Per-scene breakdown available in [`reports/results.md`](./reports/results.md). Reproduction instructions in [`reports/reproduce.md`](./reports/reproduce.md).

## 4. Resources

- **Code entry point:** [`code/solver.py`](./code/solver.py) — `def solve(y, mask, dispersion, sigma) -> x_hat`
- **Dependencies:** [`code/requirements.txt`](./code/requirements.txt)
- **Container:** `ghcr.io/pwm-protocol/cassi-gaptv:0.1.0`
- **Compute cost:** ~$0.02 per scene at A100 spot prices (Nov 2025).

## 5. Limitations

- Pure TV prior over-smooths fine spectral textures — neural priors (e.g. MST-L, DGSMP) score 2–4 dB higher.
- Sensitive to dispersion misalignment > 0.5 px.
- Does **not** generalize to grayscale masks or doubly-dispersive CASSI — those need a sibling spec.

## 6. References

- Yuan, X. "Generalized Alternating Projection Based Total Variation Minimization for Compressive Sensing." *ICIP* 2016.
- Chambolle, A. "An Algorithm for Total Variation Minimization and Applications." *J. Math. Imaging Vis.* 20, 89–97 (2004).

---

## File Mapping

| File | Role | How to regenerate |
|------|------|-------------------|
| `solution.md` | Source of truth | Human or LLM |
| `solution.json` | Structured metadata | LLM regenerates from §1 Algorithm, §2 Approach, §3 Self-Reported Performance, §4 Resources |
| `code/solver.py` | Reference implementation | LLM generates from §1 Algorithm + §2 Approach.
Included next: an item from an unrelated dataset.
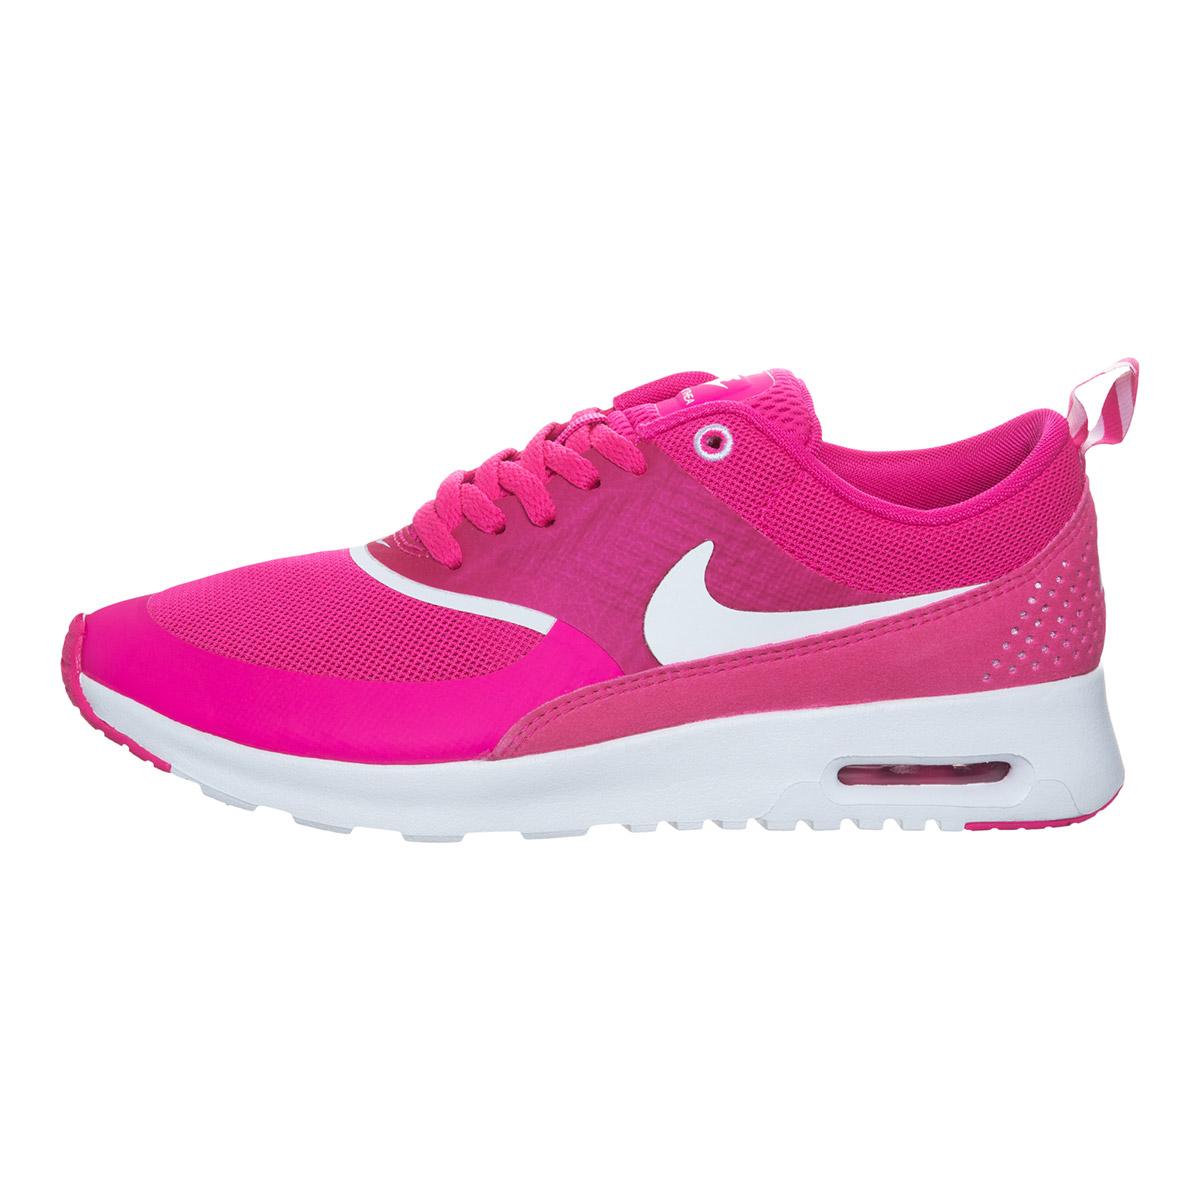 90 Mujer Fucsia zapatillas Nike Boedo Fucsia Vt Air Max 1x4AWgwqIa

Must expose `solve(y, mask, dispersion, sigma) -> x_hat` |
| `code/requirements.txt` | Python dependencies | LLM lists exact packages used in `solver.py` |
| `reports/results.md` | Per-scene metric breakdown | **Generated by running** `python code/solver.py --benchmark PWM-L3-cassi-kaist-10scenes --report` |
| `reports/reproduce.md` | How a third party verifies the claim | LLM regenerates as a step-by-step recipe matching what was actually run |
| `reports/figures/` | PNG visualizations of reconstructed cubes | Produced by the reproduction run |

**Prompt for your LLM after editing `solution.md`:**

> Read `solution.md`. Regenerate the bundle:
> 1. `solution.json` with schema: `{ id, principle_id, spec_id, benchmark_id, name, algorithm, algorithm_class: "optimization"|"neural"|"hybrid", description, code_entry, container_image, self_reported_metrics: [{metric, value, unit}], resources: {gpu_hours, dollar_cost, dependencies[]}, limitations[], references[] }`
> 2. `code/solver.py` exposing `solve(y, mask, dispersion, sigma) -> x_hat` and matching the algorithm in §1 and §2.
> 3. `code/requirements.txt` with the exact packages used.
> 4. `reports/reproduce.md` with step-by-step verification instructions.
>
> Output each file in its own fenced block tagged with the filename so I can save them.
> Do **not** fabricate `reports/results.md` numbers — those must come from actually running the solver.